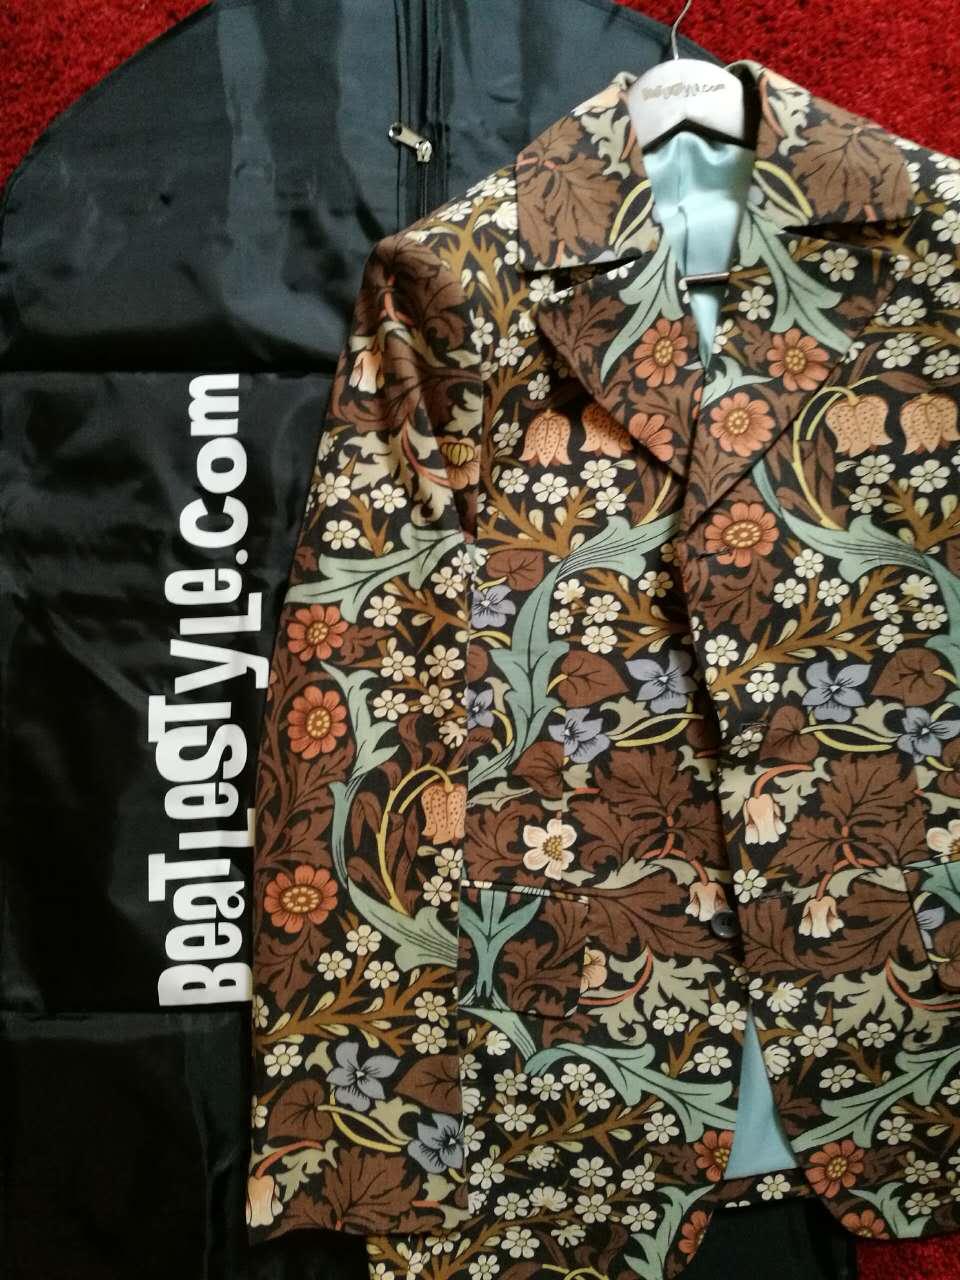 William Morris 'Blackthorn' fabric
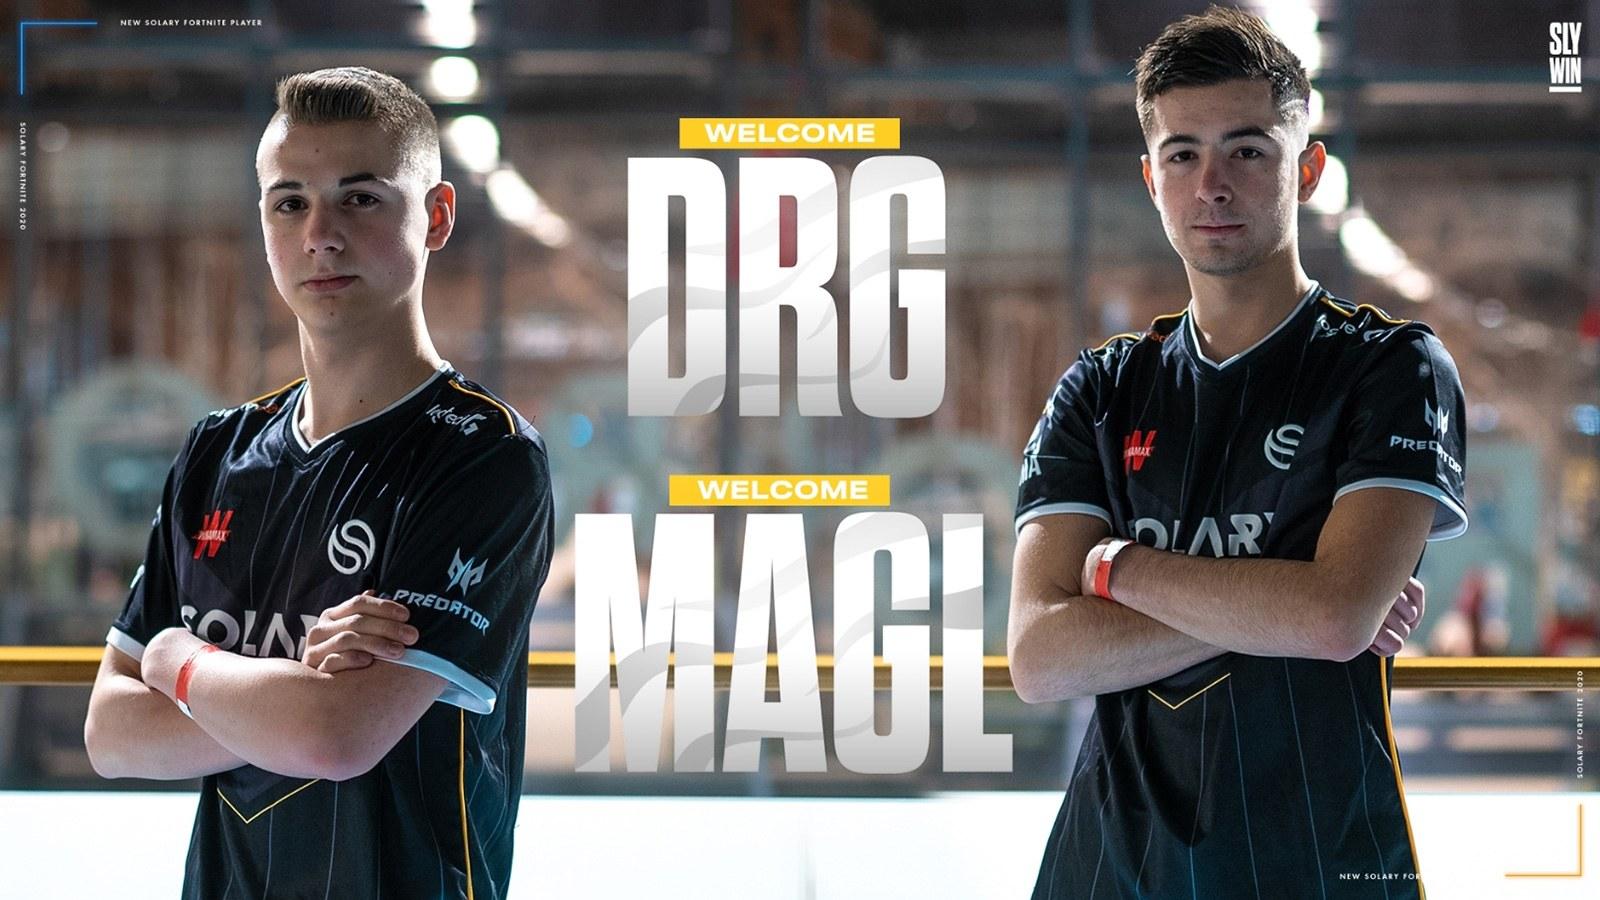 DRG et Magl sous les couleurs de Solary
= = = = =
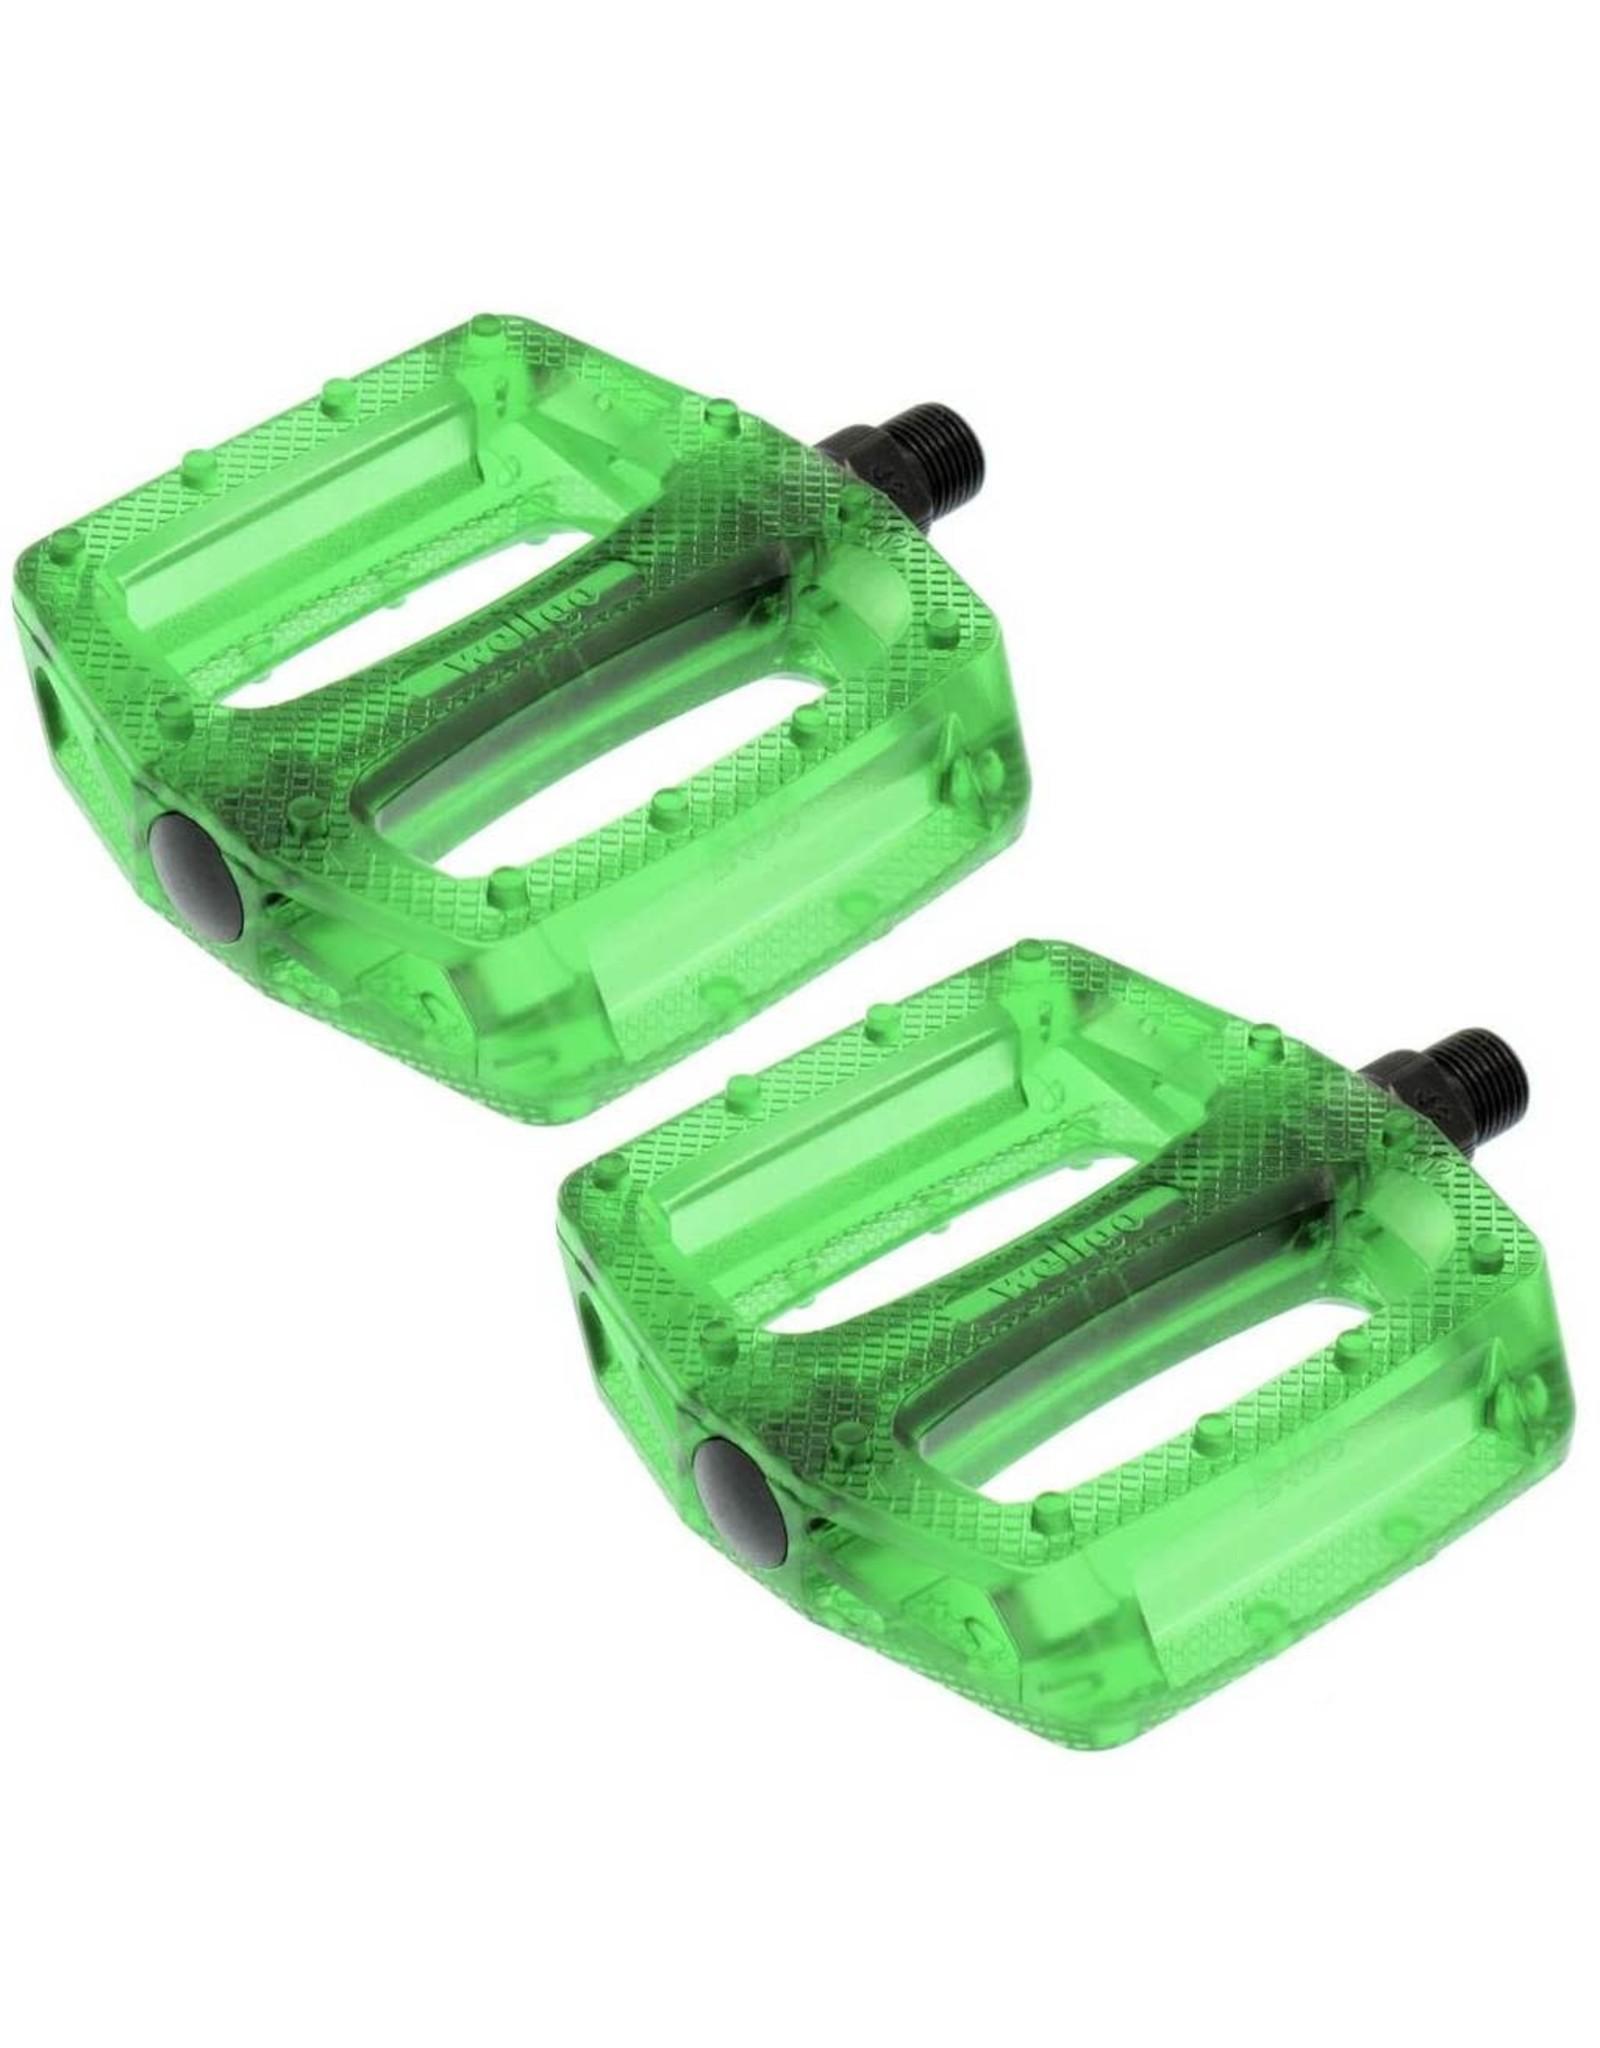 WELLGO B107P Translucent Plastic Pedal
= = = = =
PROBLEM TO WORK ON: Transcribe the lines above exactly, beginning at the one with "William Morris 'Blackthorn' fabric" and ending at the one with "DRG et Magl sous les couleurs de Solary". Include both; exclude the pictures.

SOLUTION TO THE PROBLEM:
 William Morris 'Blackthorn' fabric
 DRG et Magl sous les couleurs de Solary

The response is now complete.